ADA pemandangan menarik di TK Arti yang berlokasi di bilangan Petogogan, Kebayoran Baru, Jakarta Selatan. Pagi itu hari Kamis, tampak Fatimah, Haura, Arka dan 20-anak usia 4-5 tahun terlihat bermain di halaman sekolah. Mereka telah selesai belajar bersama Ibu Laila dan Ibu Relia, Kepala Sekolah TK Arti yang berdiri sejak 1980 ini.
Mereka tampak ceria, berlarian, main perosotan, jungkat jangkit dan menaiki besi panjat dengan lincahnya, tak terkecuali anak-anak perempuannya. Peralatan main yang dimiliki TK Arti bukan yang bagus merek mahal tetapi dari besi yang tetap aman bagi anak-anak.
Yang unik, hari itu anak perempuan mengenakan Kebaya Encim dan kain yang sudah berupa rok panjang. Sementara anak laki-laki mengenakan setelan khas Betawi kaos cerah, celana batik, sarung yang dikalungkan di leher dan kopiah hitam.
Fatimah dan Haura, dua anak perempuan ini terlihat jungkir balik menaiki permainan besi panjat, bergelantungan dengan bebas. Sementara anak-anak perempuan lainnya bolak balik meluncur dari perosotan. Mereka semua tertawa gembira.
Fatimah yang terlihat sangat aktif dibanding teman lainnya mengaku senang mengenakan kebaya. Menurutnya berkebaya tidak menganggu gerakannya ketika menaiki permainan yang membutuhkan gerakan cepat. “Aku tetep bisa lari dan manjat,” ungkapnya polos.
Relia mengatakan, sejak awal ajaran baru tahun 2024, setiap awal bulan di Hari Kamis anak-anak TK Arti mengenakan pakaian daerah dan Kebaya Encim dijadikan pilihan untuk anak-anak perempuan.
“TK Arti mendapatkan dana Bantuan Operasional Penyelenggaraan Pendidikan yang kemudian kami belikan kebaya, kain, kaos dan celana batik seharga Rp 120 ribu untuk 28 anak-anak. Orangtua mereka tidak keberatan dan mau membayar sebesar Rp 15 ribu untuk kebaya yang kemudian menjadi milik anak-anak,” ungkap Relia dikutip dari Buku Kebaya Kaya Gaya (Penerbit Buku Kompas, 2024).
Ia menjelaskan, ide untuk memasukan agenda berkebaya terinspirasi dari sebuah sekolah di Yogyakarta yang dalam satu hari mengenakan kebaya dan juga maraknya gerakan berkebaya yang digaungkan belakangan ini.
TK Arti berada di bawah Yayasan Partowidigdo yang didirikan untuk memberikan kesempatan kepada kalangan keluarga sederhana seperti anak pengemudi ojek online dan buruh cuci rumah tangga.
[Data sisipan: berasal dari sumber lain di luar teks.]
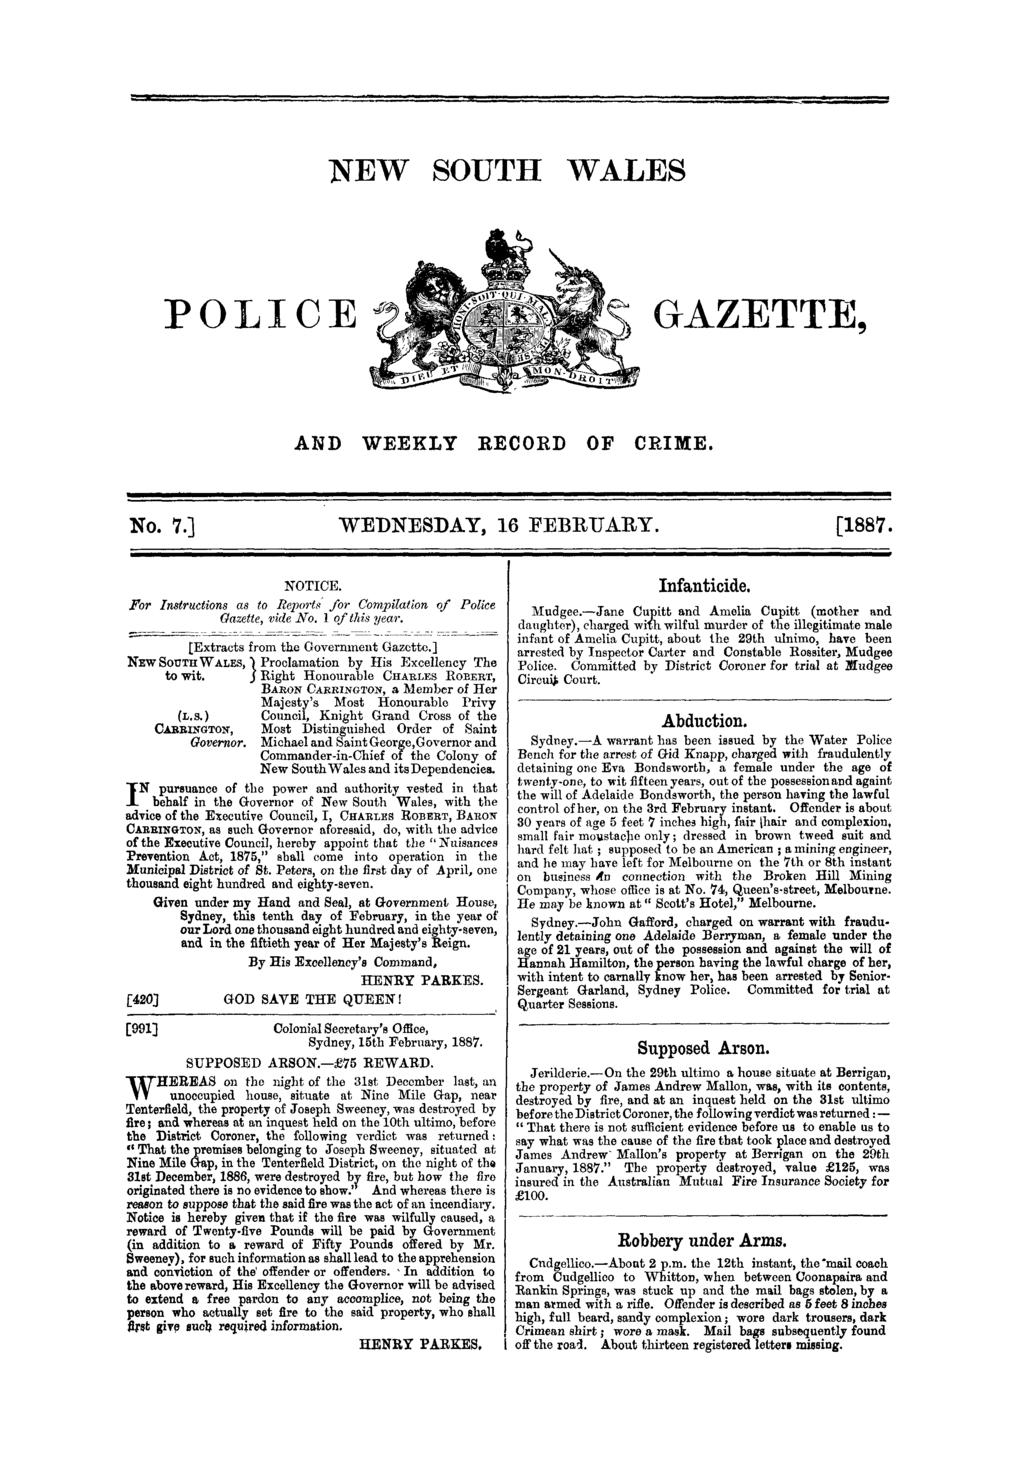 STEW SOUTH WALES POLICE I-r \..n,ic ' j;t ldllll I 110 $O 17!,:, Ir GAZETTE AND WEEKLY RECORD OF CRIME. No. 7.] WEDNESDAY, 16 FEBRUARY. [1887. NOTICE.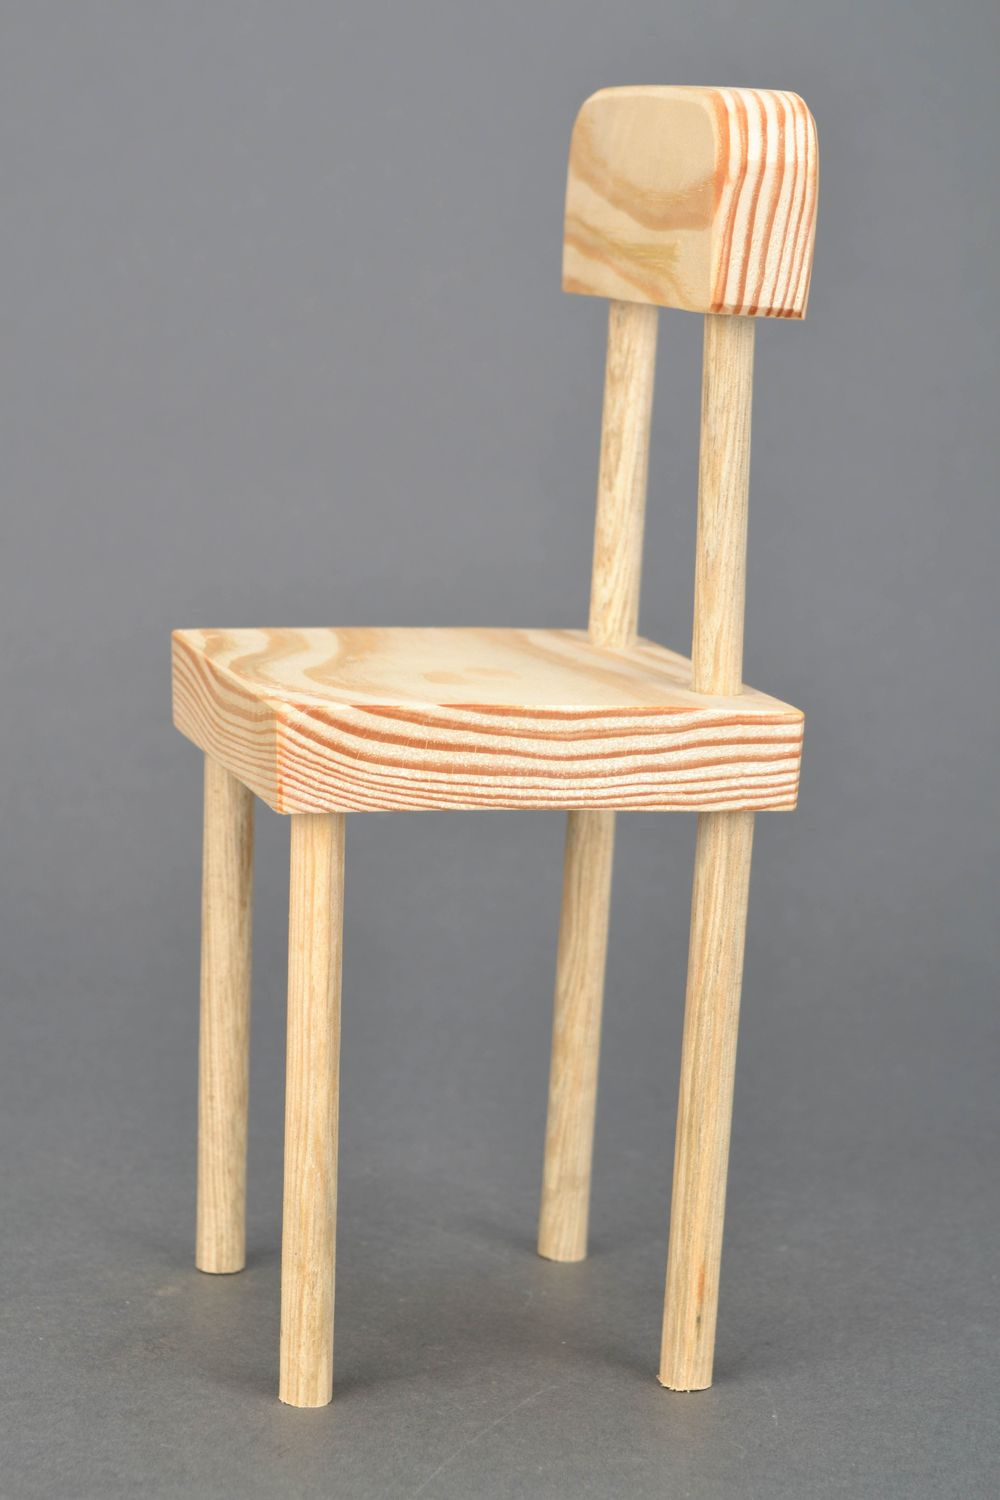 Decorative doll chair made of wood photo 4

Menurut Relia, pengelola TK Arti menyadari bahwa setiap anak harus mendapat kesempatan yang sama untuk mengenyam pendidikan sejak dini.
“Kami tidak keberatan jika ada yang mencicil uang masuk dan juga menunggak iuran bulanan sebesar Rp 110 ribu. Rata-rata orangtua yang tidak mampu memiliki komitmen tinggi untuk pendidikan anak-anaknya. Ada seorang ibu yang single, meskipun menjadi buruh cuci tapi tidak pernah terlambat membayar sekolah anaknya,” papar Relia.
Relia berharap, pendidikan untuk mencintai budaya harus diperkenalkan sejak usia dini agar tertanam dengan kuat pada anak-anak dengan cara yang mudah dan tidak memberatkan. “Respons orang tua siswa saat pertamakali mengenakan kebaya sangat antusias. Lucu ya, sambil anaknya difoto,” ungkapnya.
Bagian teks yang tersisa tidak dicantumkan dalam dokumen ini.